Don't be Programming Languages researchers

Instead of being a judgement of what PL research should be, this short post is simply a reflection of my research interests and what role PL plays into it.

During a recent PLDG talk, the speaker said, “I think that, as a community, PL people have a moral responsibility to step in and say, No, you’re having fun wrong!” While I have no qualms about the comment itself (researchers should be able to not take themselves seriously sometimes), it led me to think about the way PL research is applied in new domains. The speaker usually starts with an overview of the domain and talks about the current state of the art of programming languages and tools in it. They then go on to point out that most tools and languages fail to make use of some amazing and well known PL technique. Then they describe their work which applies the aforementioned PL technique and build cool and interesting language abstractions with the promise of building better and improved tools for the domain.
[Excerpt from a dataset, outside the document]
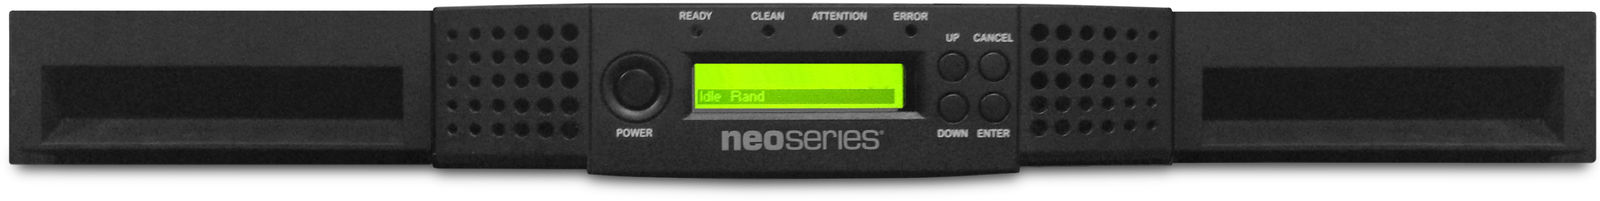 NEOs StorageLoader 1U 8 Slot LTO7 SAS Inc. 3Yr Warr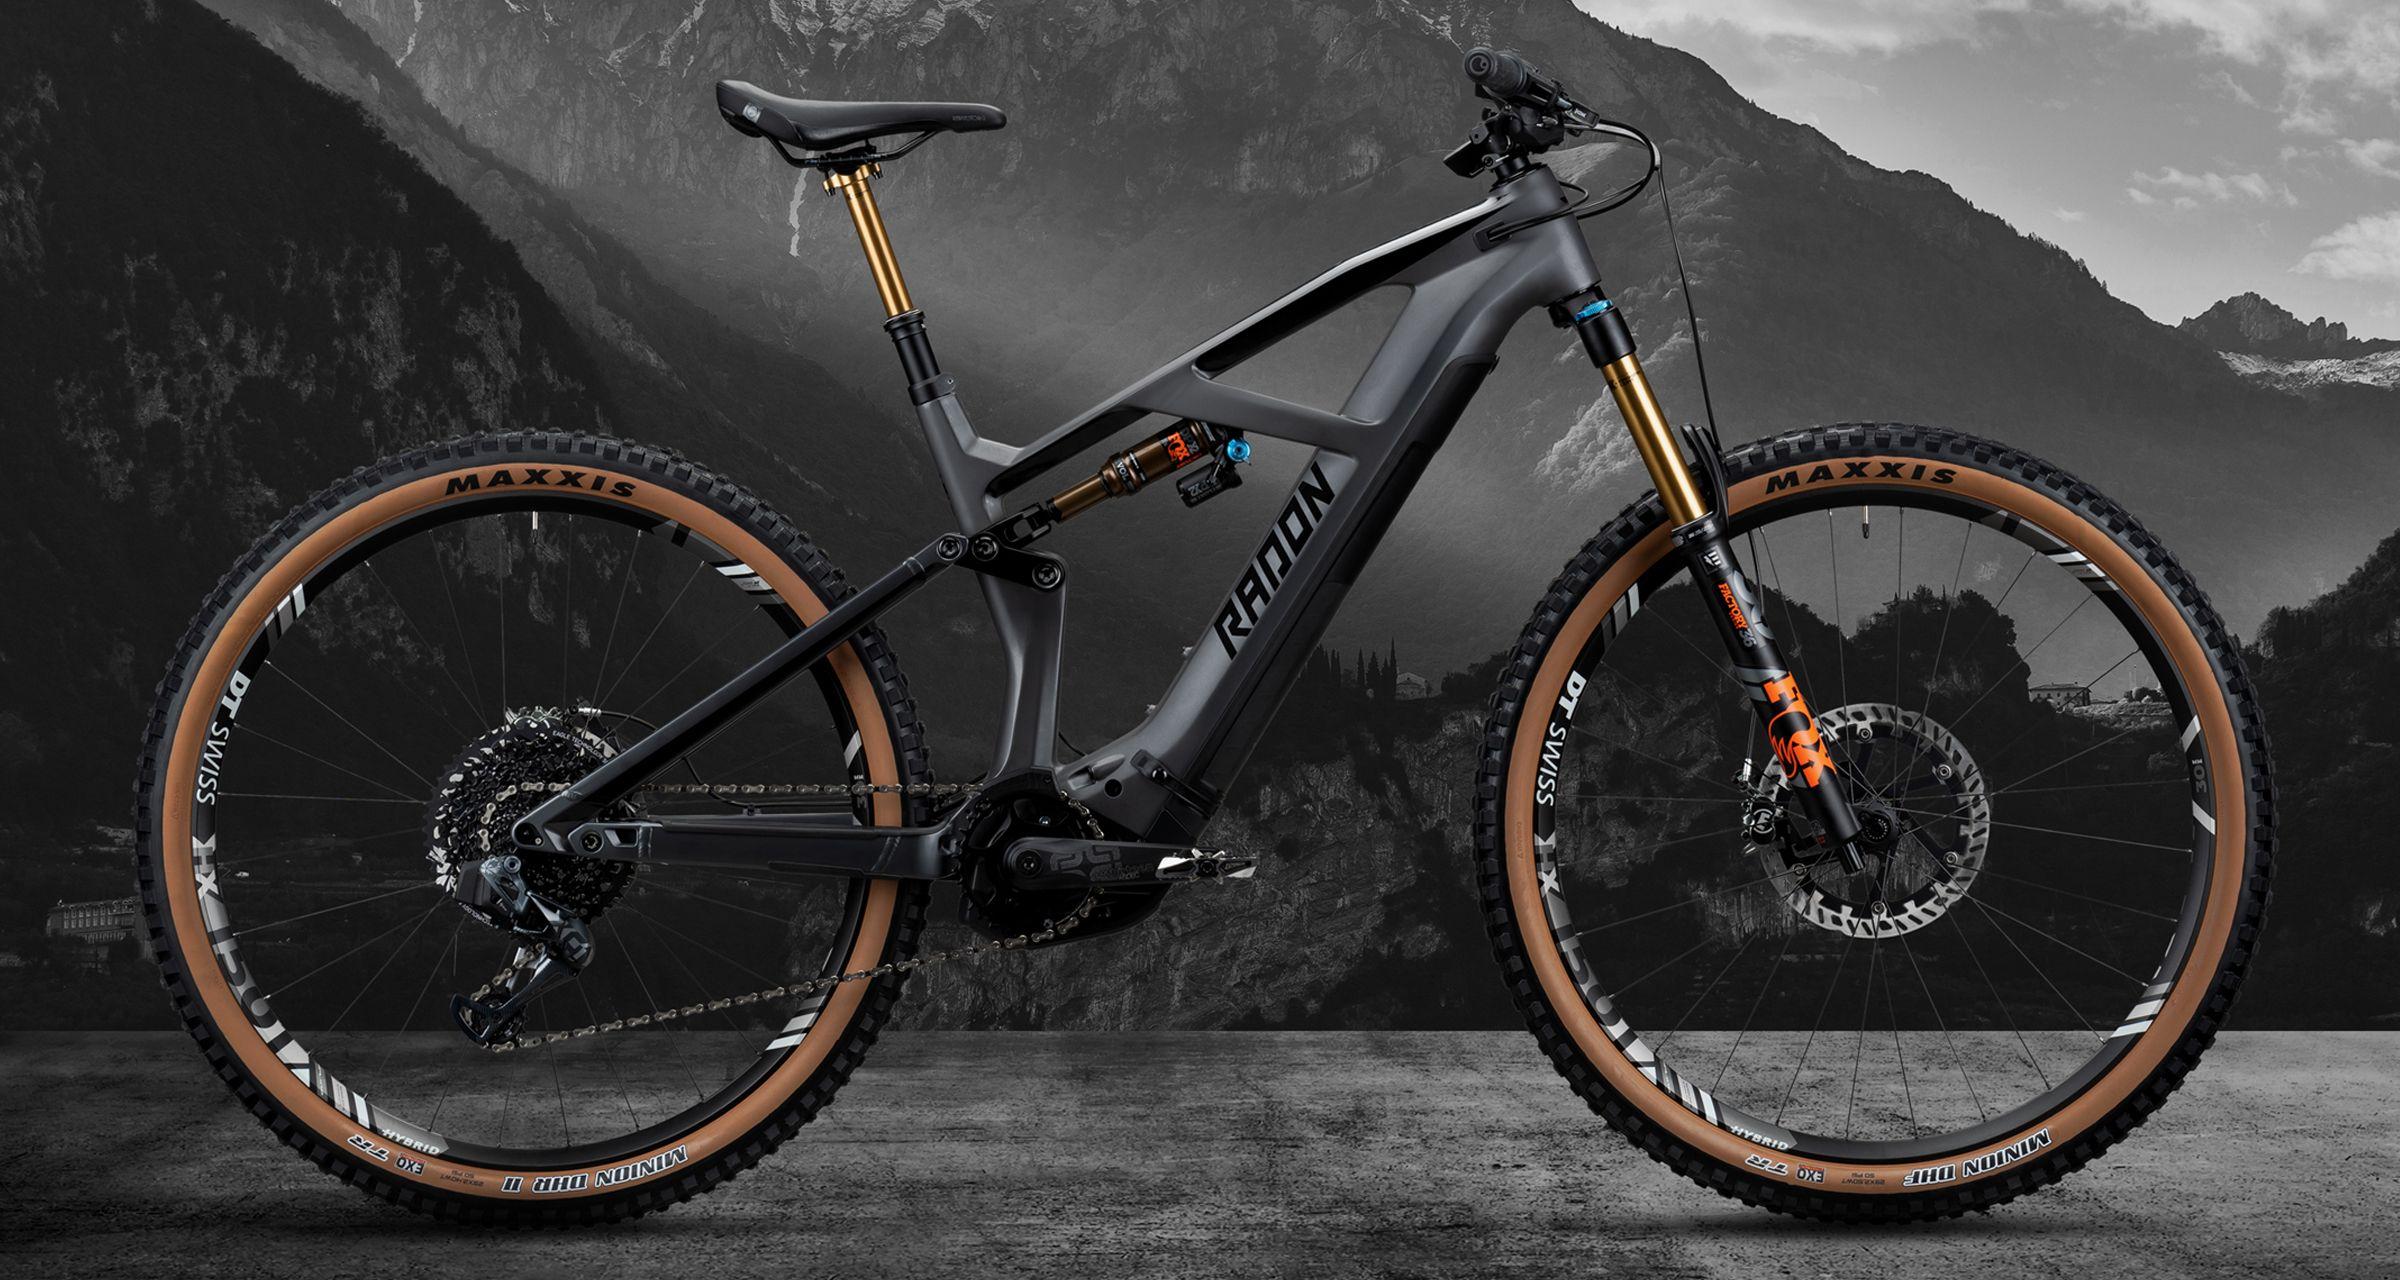 Radon Neuheiten 2020 Render Starkes E Trailbike Mit Stylischem Carbon Rahmen Emtb News De E Bike Neuheiten E Mountain Bike Enduro Fahrrad

While I strongly endorse PL techniques and research being applied in new domains, this story demonstrates a fundamental issue for me: Application of PL techniques is done retrospectively. PL researchers are not there when a domain is shaping up and people trying to build tools and programming languages for that domain. Only once people have made build these tools, which in turn cement themselves into domain, do PL researchers come into the scene and apply their cool techniques.

So here is my solution: We should stop being PL researchers. Or put in a more nuanced manner, PL researchers should take it upon themselves to specialize heavily into new domains and apply PL techniques in those domains. Programming languages are the most fundamental way of communicating intent to computers. As PL researchers, we should be helping people from other domains to do this exactly.